The Hidden Work We Carry - Understanding Identity Load

At Tika EQ, we’ve been engaging with organisations, leaders, and communities around a concept that continues to strike a chord across sectors - Identity Load.
Through our recent workshops, consultations, and leadership sessions, this topic has opened up powerful conversations about inclusion, wellbeing, and the unseen weight that many individuals carry in workplaces and community spaces alike. For some, identity load is a new phrase. But for many, it names an experience they’ve been navigating for years - quietly, persistently, and often alone.
Defining Identity Load
Identity Load refers to the additional, often invisible, emotional and cognitive labour that people carry when they are expected to represent, explain, educate, or mediate on behalf of their identity, whether that’s their culture, gender, sexuality, faith, or lived experience, on top of their formal role. It’s the hidden work that exists outside job descriptions but within the daily reality of many employees.
It looks like:
- The unacknowledged effort of being the ‘voice of difference’ in a meeting.
- The emotional toll of translating between perspectives or holding tension in difficult conversations.
- The expectation to mentor, educate, or hold space for others while managing your own fatigue.
In Employee Resource or Action Groups (ERGs/EAGs),reconciliation initiatives, and diversity or advisory committees, this identity-based labour often shows up most clearly. People are invited to the table because of their lived experience and while their insights are valuable, the burden of constantly being the representation can be exhausting.
Why It Matters
Identity load is more than a workplace issue; it’s a leadership issue. When this additional labour goes unrecognised or unsupported, it affects wellbeing, retention, and organisational culture. It can lead to burnout, disengagement, and attrition, particularly among those who bring critical cultural and community perspectives.

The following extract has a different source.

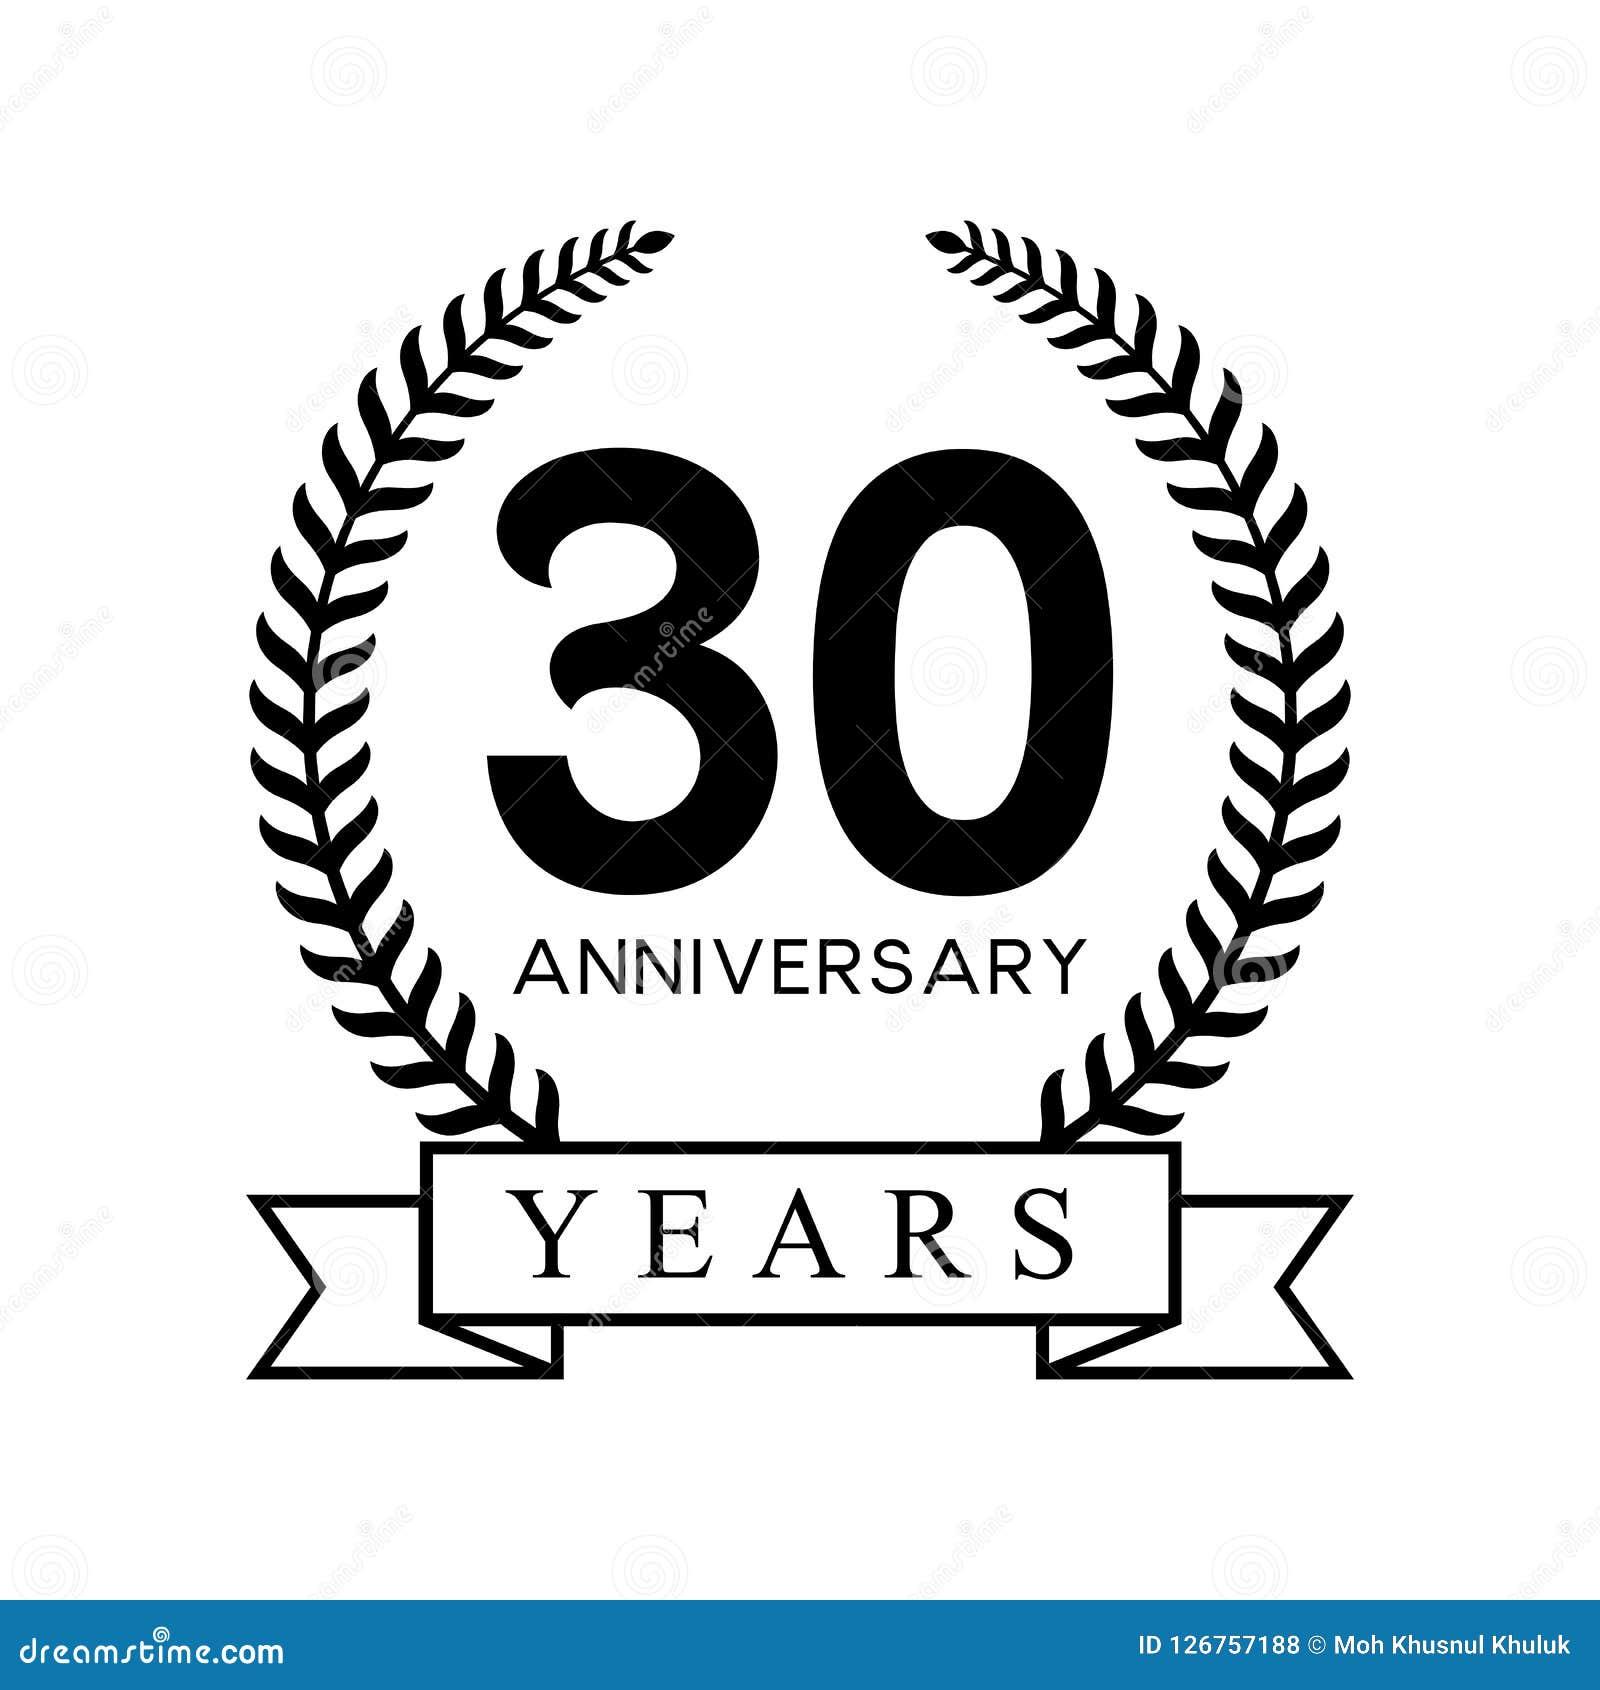 30th Anniversary Years Laurel Wreath Retro Black Color Stock Vector

In First Nations contexts, and across other communities with long histories of underrepresentation, the weight can be compounded. Individuals are asked not only to show up as professionals but to hold space for reconciliation, to correct misunderstanding, or to build bridges that others continue to walk across.
The result? Many step back from the very initiatives they once championed, not from a lack of commitment, but from exhaustion.
How Identity Load Shows Up in Organisations
Even in progressive and well-intentioned workplaces, identity load can become embedded in systems and expectations.
It can appear when:
- The same people are consistently asked to “consult” or “represent” their community voice.
- Diversity and inclusion efforts rely on a handful of individuals to carry emotional and educational labour.
- Recognition is symbolic (through acknowledgment or visibility) but not structural (through time, pay, or workload adjustments).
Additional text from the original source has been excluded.